** EXERCISE DIRECTIONS **
Using the records below, write out the line with "Academic Calender for" and each line after it through the final one, exactly, and only those.

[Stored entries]
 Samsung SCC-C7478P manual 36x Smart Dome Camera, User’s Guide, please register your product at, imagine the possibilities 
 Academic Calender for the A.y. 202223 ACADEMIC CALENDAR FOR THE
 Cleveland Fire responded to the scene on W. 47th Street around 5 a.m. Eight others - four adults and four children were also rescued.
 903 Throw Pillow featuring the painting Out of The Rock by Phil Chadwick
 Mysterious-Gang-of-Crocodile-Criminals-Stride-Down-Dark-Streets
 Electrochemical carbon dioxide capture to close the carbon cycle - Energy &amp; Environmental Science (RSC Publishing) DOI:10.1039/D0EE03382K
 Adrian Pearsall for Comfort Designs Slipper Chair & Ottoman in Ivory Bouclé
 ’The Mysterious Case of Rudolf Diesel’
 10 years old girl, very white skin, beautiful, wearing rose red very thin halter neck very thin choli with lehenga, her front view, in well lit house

** RESPONSE TO THE EXERCISE **
 Academic Calender for the A.y. 202223 ACADEMIC CALENDAR FOR THE
 Cleveland Fire responded to the scene on W. 47th Street around 5 a.m. Eight others - four adults and four children were also rescued.
 903 Throw Pillow featuring the painting Out of The Rock by Phil Chadwick
 Mysterious-Gang-of-Crocodile-Criminals-Stride-Down-Dark-Streets
 Electrochemical carbon dioxide capture to close the carbon cycle - Energy &amp; Environmental Science (RSC Publishing) DOI:10.1039/D0EE03382K
 Adrian Pearsall for Comfort Designs Slipper Chair & Ottoman in Ivory Bouclé
 ’The Mysterious Case of Rudolf Diesel’
 10 years old girl, very white skin, beautiful, wearing rose red very thin halter neck very thin choli with lehenga, her front view, in well lit house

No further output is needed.